Aussi, dans cette région du Melrir, les Touareg formaient comme une population à part. Elle ne se mêlait point aux autres tribus du Djerid. Si ses chefs entraînaient leurs fidèles au-dehors, ce n’était jamais que pour quelque razzia fructueuse, une caravane à piller ou quelque représaille contre une oasis rivale. Et, en réalité, ces Touareg de Zenfig étaient de redoutables pirates dont les agressions s’exerçaient parfois à travers les plaines de la basse Tunisie jusqu’aux approches de Gabès. Les autorités militaires organisaient des expéditions contre ces pillards. Mais ils avaient vite fait de se mettre à l’abri dans ces retraites lointaines du Melrir.

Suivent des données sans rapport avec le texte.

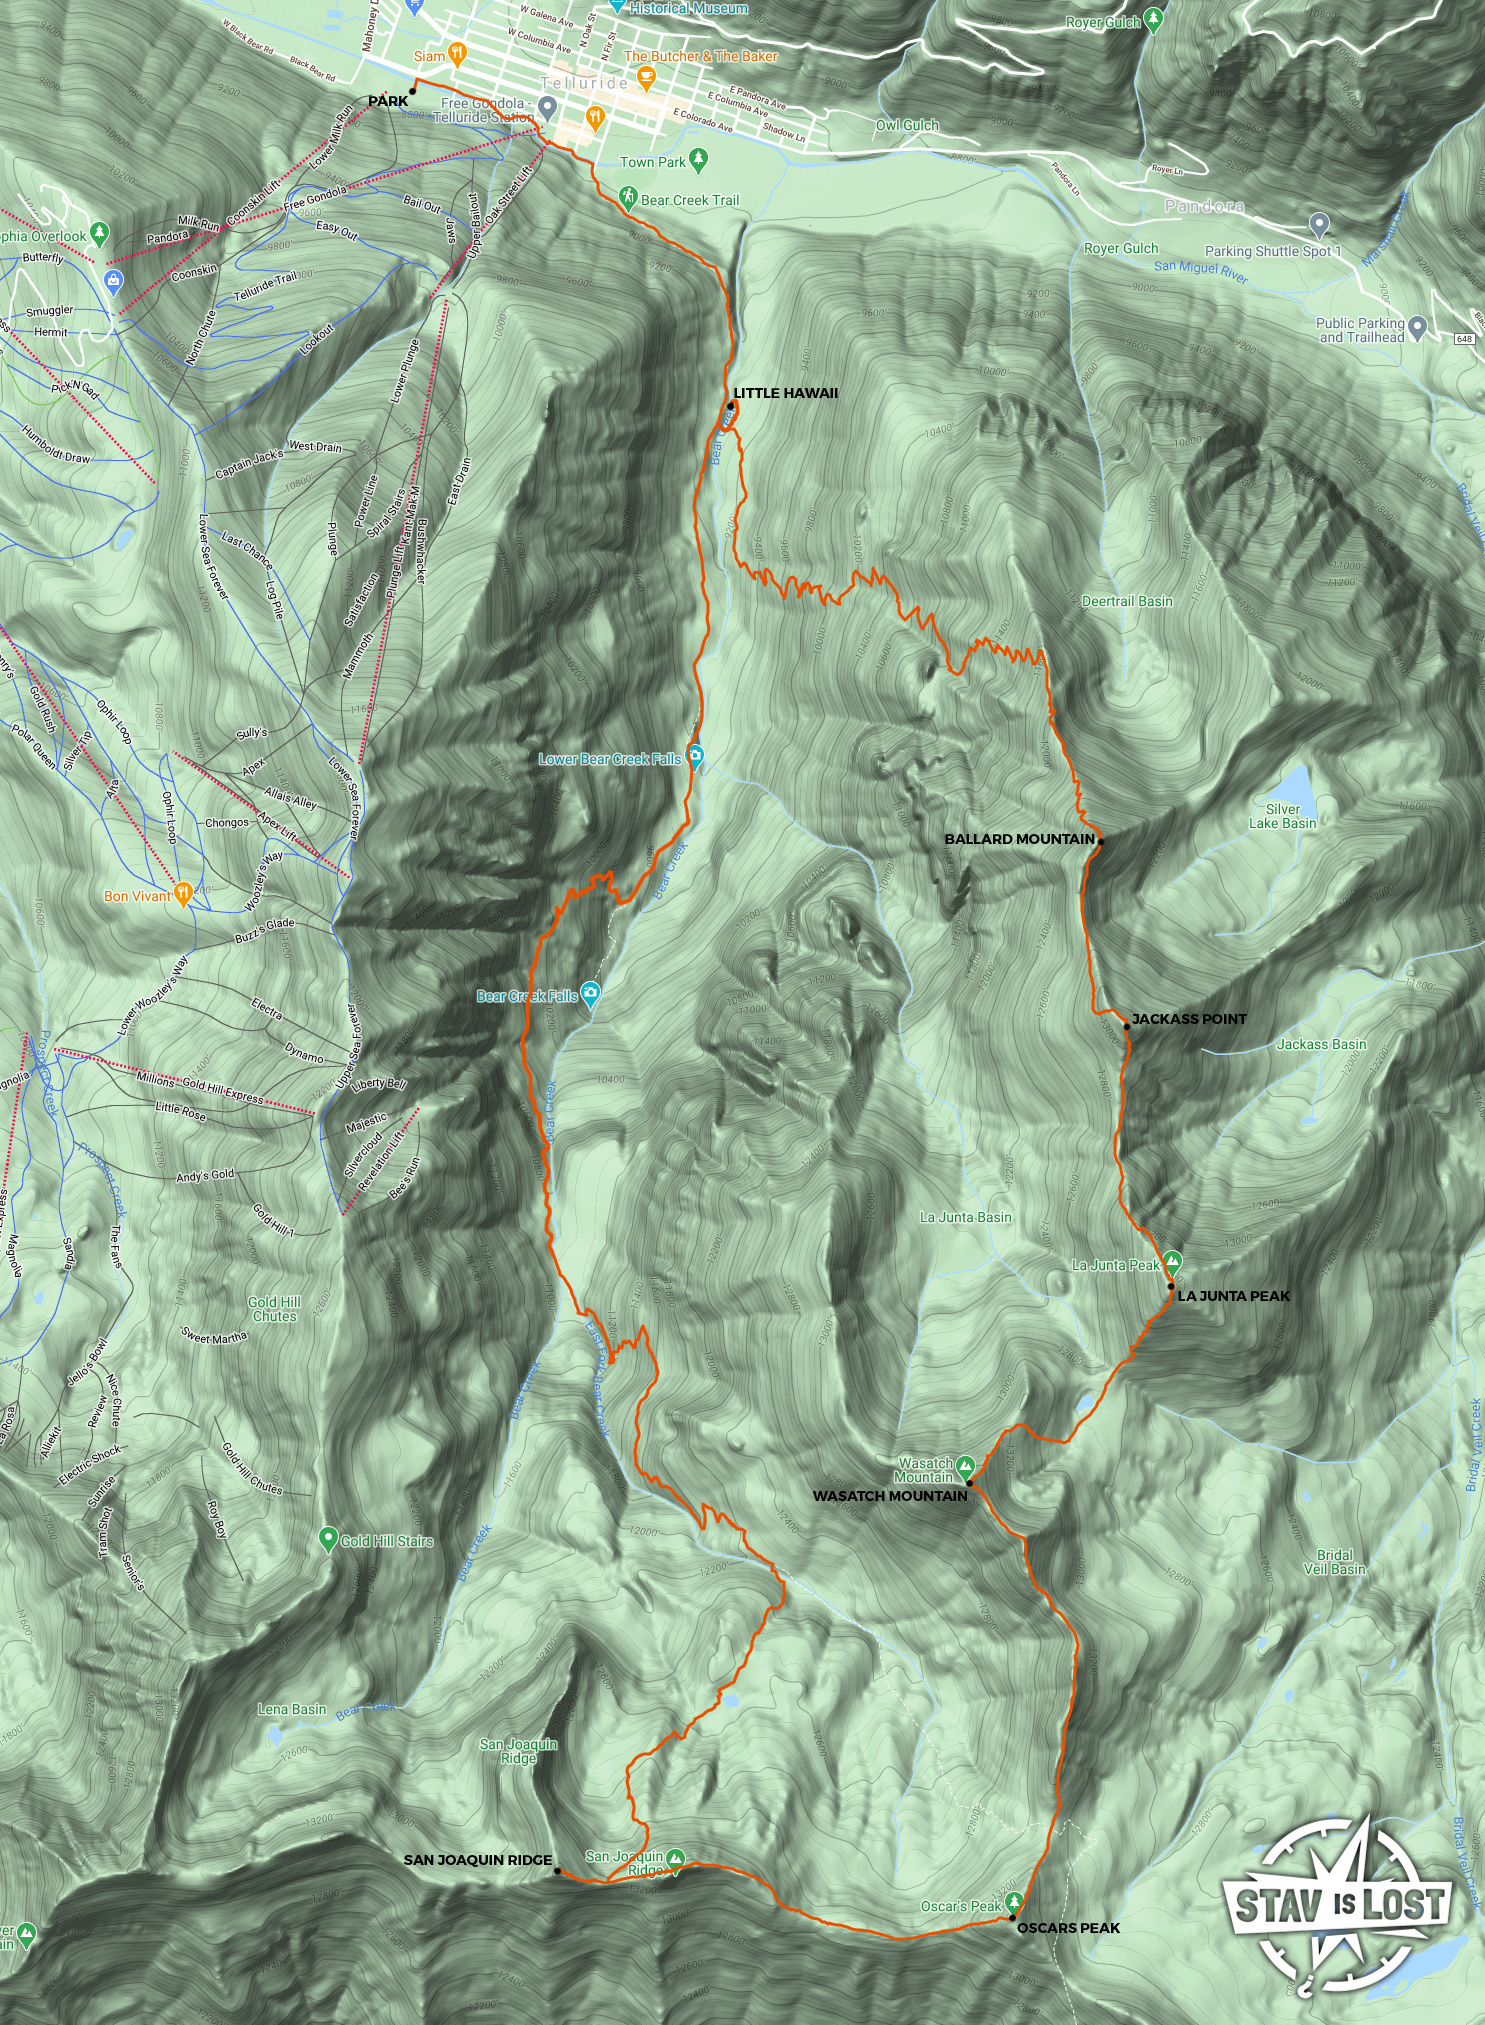 map for La Junta Peak, Wasatch Peak, San Joaquin Ridge via Bear Creek by stav is lost

Du reste, si le Targui est plutôt sobre, s’il ne se nourrit ni de poissons ni de gibier, s’il ne consomme que peu de viande, si les dattes, les figues, les baies de la « Salvadora persica », la farine, le laitage, les œufs lui suffisent, il n’en a pas moins des esclaves à son service, des « imrhad », chargés des grosses besognes, car il n’a que dédain pour toute espèce de travail. Quant aux « ifguna », aux marabouts, aux vendeurs d’amulettes, leur influence est très sérieuse sur la race touareg, plus particulièrement en cette région du Melrir. C’étaient ces fanatiques qui prêchaient la révolte contre ce projet d’une mer saharienne. Le Targui est d’ailleurs superstitieux, il croit aux esprits, il redoute les revenants, à ce point qu’il ne pleure pas ses morts par crainte de les ressusciter, et, dans les familles, le nom du défunt s’éteint avec lui.

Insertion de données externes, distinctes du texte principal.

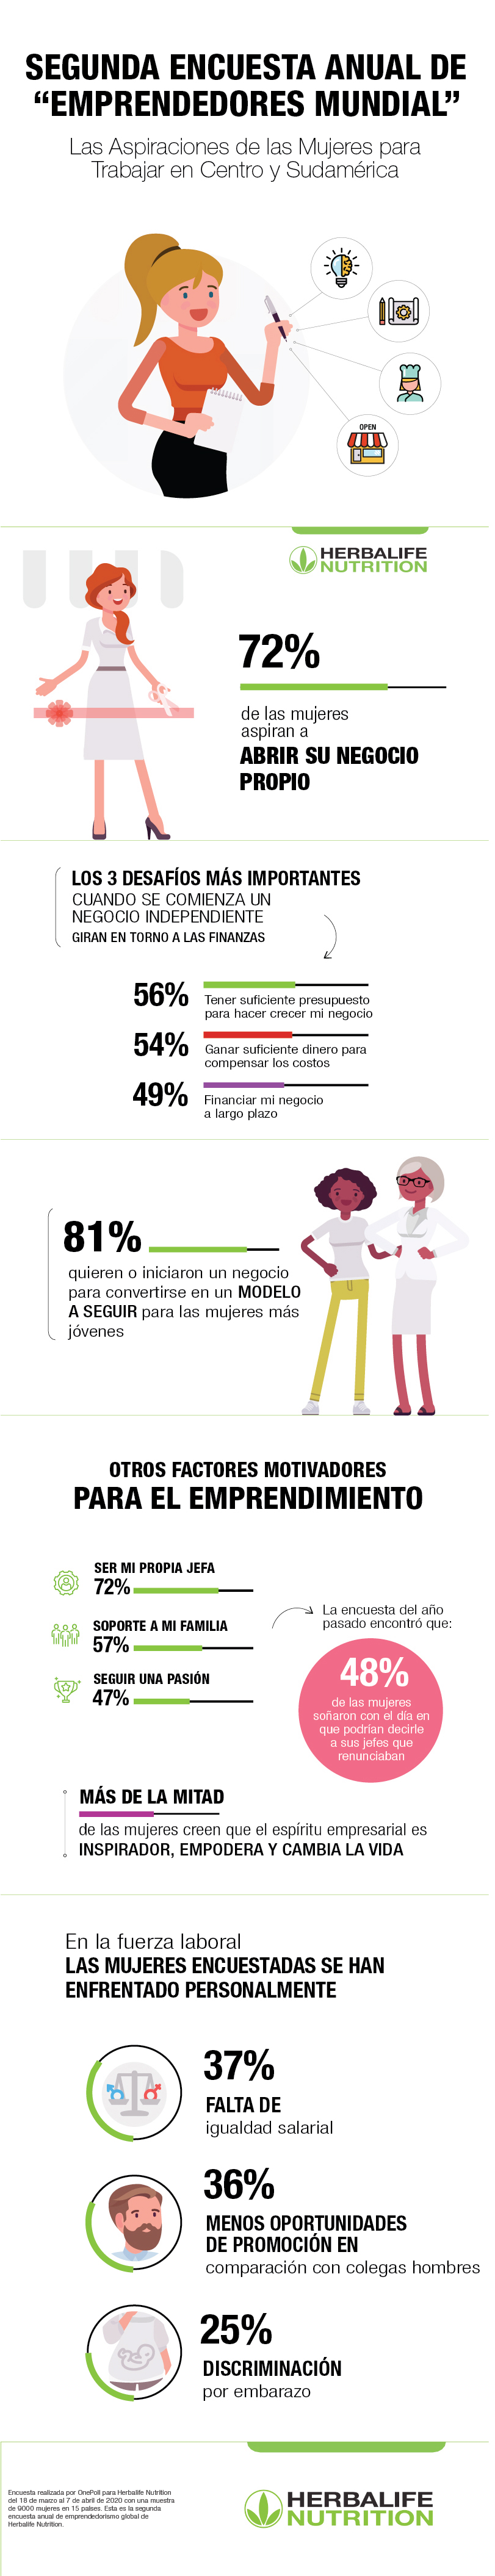 infografia-Emprendedores- Centro y Sudamérica

Telle était, en quelques traits, cette tribu de Zenfig à laquelle appartenait Hadjar. Elle l’avait toujours reconnu pour son chef jusqu’au jour où il tomba entre les mains du capitaine Hardigan.

Là aussi était le berceau de sa famille, toute-puissante sur cette population spéciale de Zenfig, comme aussi sur les autres tribus du Melrir. Nombre d’oasis existaient à la surface du chott, sur divers points de l’Hinguiz et du vaste périmètre de la dépression.

À côté de Hadjar, sa mère Djemma était en grande vénération parmi les tribus touareg. Chez les femmes de Zenfig, ce sentiment allait même jusqu’à l’adoration. Toutes partageaient cette haine que Djemma ressentait pour les étrangers. Elle les fanatisait comme son fils fanatisait les hommes, et l’on n’a pas oublié quelle influence Djemma avait sur Hadjar, — influence que possèdent toutes les femmes touareg. Elles sont, d’ailleurs, plus instruites que leurs maris et leurs frères. Elles savent écrire alors que le Targui sait lire à peine, et, dans les écoles, ce sont elles qui enseignent la langue et la grammaire. En ce qui concernait l’entreprise du capitaine Roudaire, leur opposition n’avait jamais fléchi un seul jour.

Telle était la situation avant l’arrestation du chef touareg. Ces diverses tribus du Melrir, comme celle de Zenfig, allaient être ruinées par l’inondation des chotts. Elles ne pourraient pas continuer leur métier de pirates. Plus de kafila à traverser le Djerid entre Biskra et Gabès. Et, de plus, ne serait-il pas devenu facile de les atteindre jusque dans leurs repaires lorsque les navires pourraient s’en approcher, lorsqu’ils n’auraient plus pour les protéger ce sol mouvant où chevaux et cavaliers risquaient de s’engloutir à chaque pas !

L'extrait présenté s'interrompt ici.